(Source data begins)

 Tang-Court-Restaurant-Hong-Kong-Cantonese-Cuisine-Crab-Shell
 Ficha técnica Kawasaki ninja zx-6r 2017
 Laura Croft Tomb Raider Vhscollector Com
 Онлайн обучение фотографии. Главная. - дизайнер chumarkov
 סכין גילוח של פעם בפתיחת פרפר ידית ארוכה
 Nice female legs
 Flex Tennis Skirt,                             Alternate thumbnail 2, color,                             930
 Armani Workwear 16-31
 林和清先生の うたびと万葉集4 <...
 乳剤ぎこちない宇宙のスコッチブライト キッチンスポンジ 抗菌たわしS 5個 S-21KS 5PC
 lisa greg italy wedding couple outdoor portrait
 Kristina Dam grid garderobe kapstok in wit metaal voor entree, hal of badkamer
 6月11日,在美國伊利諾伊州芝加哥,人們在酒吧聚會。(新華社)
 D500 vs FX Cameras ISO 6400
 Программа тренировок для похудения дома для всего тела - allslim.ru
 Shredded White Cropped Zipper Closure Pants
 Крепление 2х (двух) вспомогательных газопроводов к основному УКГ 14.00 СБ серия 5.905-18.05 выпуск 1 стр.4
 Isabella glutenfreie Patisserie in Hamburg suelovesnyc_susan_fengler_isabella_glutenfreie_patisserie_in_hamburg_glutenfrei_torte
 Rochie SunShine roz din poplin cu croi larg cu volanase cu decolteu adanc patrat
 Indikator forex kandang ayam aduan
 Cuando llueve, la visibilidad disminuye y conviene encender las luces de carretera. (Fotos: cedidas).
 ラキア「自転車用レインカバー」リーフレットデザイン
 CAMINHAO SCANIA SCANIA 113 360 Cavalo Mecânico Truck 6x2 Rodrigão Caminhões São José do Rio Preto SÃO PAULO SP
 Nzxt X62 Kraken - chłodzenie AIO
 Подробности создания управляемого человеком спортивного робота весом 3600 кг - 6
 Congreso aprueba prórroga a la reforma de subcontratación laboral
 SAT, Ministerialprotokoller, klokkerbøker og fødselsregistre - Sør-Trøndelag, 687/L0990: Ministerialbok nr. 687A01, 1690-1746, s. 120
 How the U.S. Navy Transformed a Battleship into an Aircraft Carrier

(Source data ends)

What to do:
The expected response is the material above given again line by line, from its first line to the line holding "Nice female legs", inclusive.

Finished task:
 Tang-Court-Restaurant-Hong-Kong-Cantonese-Cuisine-Crab-Shell
 Ficha técnica Kawasaki ninja zx-6r 2017
 Laura Croft Tomb Raider Vhscollector Com
 Онлайн обучение фотографии. Главная. - дизайнер chumarkov
 סכין גילוח של פעם בפתיחת פרפר ידית ארוכה
 Nice female legs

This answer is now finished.